10. A synergistic restoration system for turf and microorganisms on mine slopes, characterized in that, include: The data parsing module is used to collect heavy metal pollution detection data and slope mechanical parameters, and to perform pollution-slope stability coupling analysis on the heavy metal pollution detection data and the slope mechanical parameters to construct a coupling feature set; The partitioning construction module is used to generate a colonization potential map by performing colonization self-enhancing analysis based on the coupled feature set, identify colonization core nodes in the colonization potential map to generate a colonization node set, and construct a colonization level partitioning set by calibrating the colonization diffusion range based on the colonization node set. The sequence planning module is used to perform colonization unit failure propagation analysis on the colonization level partition set to determine the failure blocking succession table, sort the implementation priority according to the failure blocking succession table to generate an implementation sequence, and parse the key lattice node parameters based on the implementation sequence to form a construction execution configuration.
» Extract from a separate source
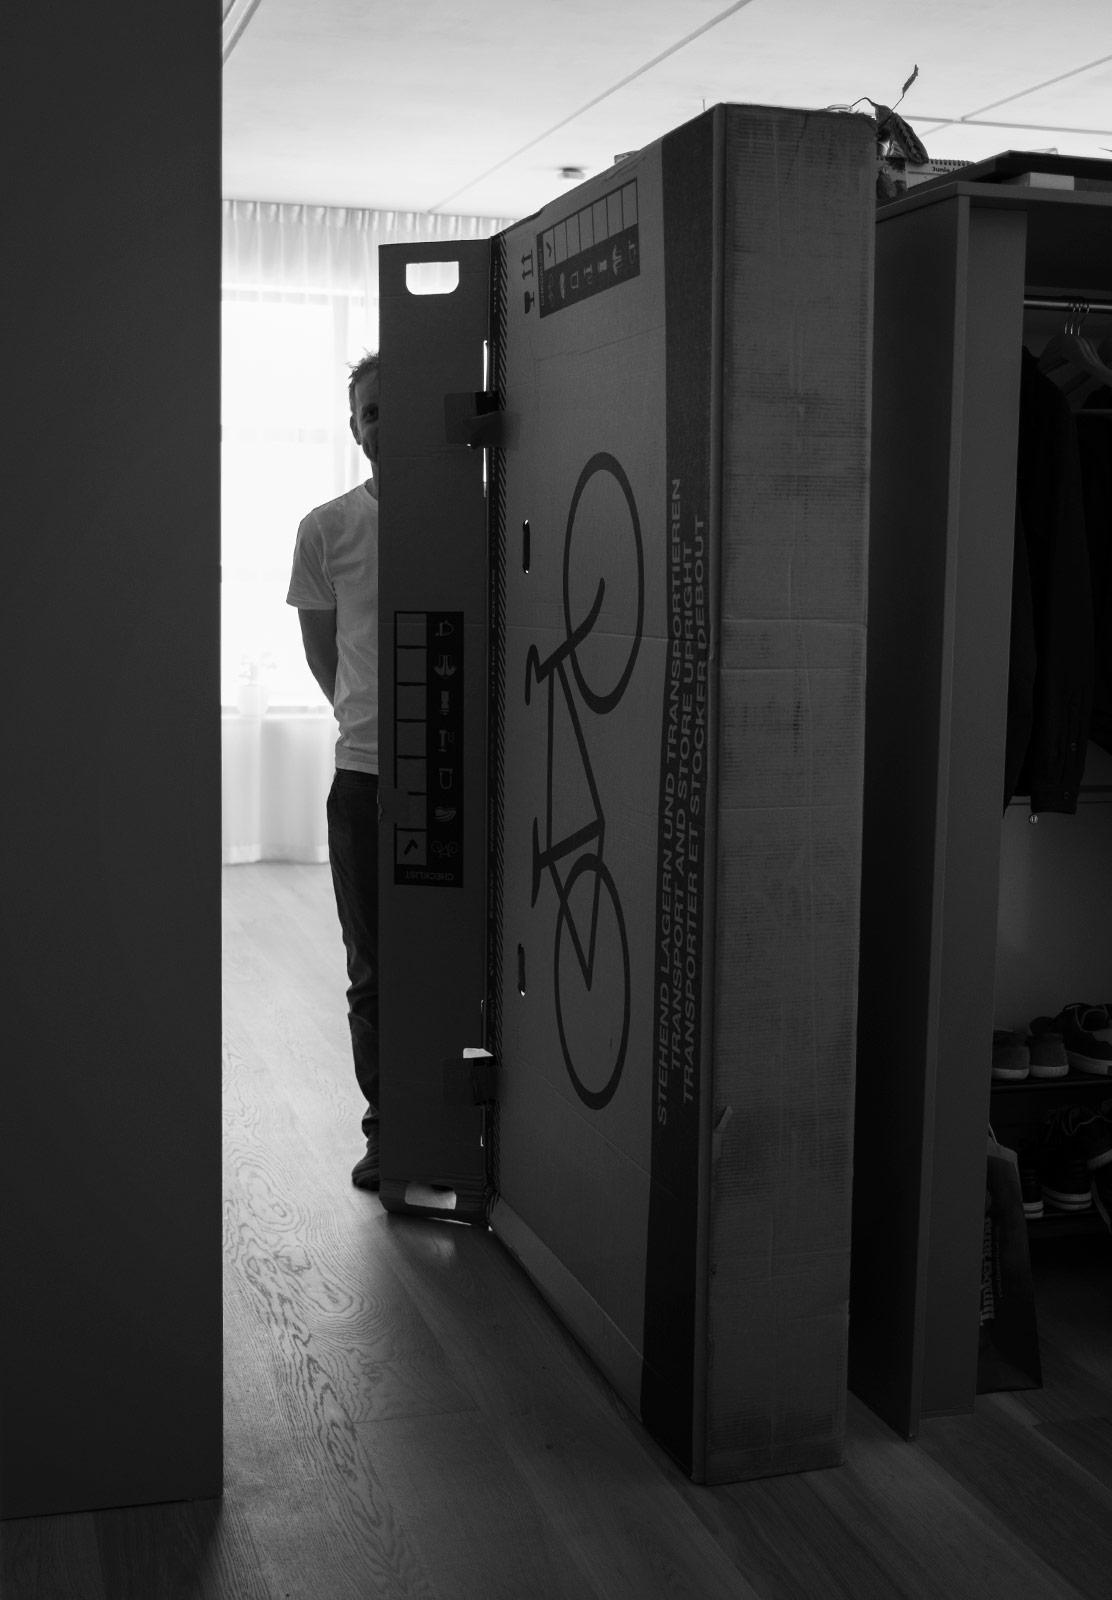 Man standing next to tall box

The mix proportion control module is used to perform root layer water potential fluctuation analysis on the construction execution configuration to generate a water potential feature map, implement inoculation gradient planning based on the water potential feature map to obtain a tiered mix proportion sequence, and identify the enhanced section and the conventional section according to the tiered mix proportion sequence to construct a set of control schemes; The instruction output module is used to perform coverage-infection rate effectiveness decay trend analysis on each colonization unit corresponding to the application sequence to generate a decay trend map, identify the characteristics of the decay phase transition precursor based on the decay trend map to determine the critical value of tiered reseeding and inoculation, and perform multi-threshold hierarchical decision-making for reseeding and inoculation based on the control scheme set and the critical value of tiered reseeding and inoculation to output slope collaborative restoration control instructions.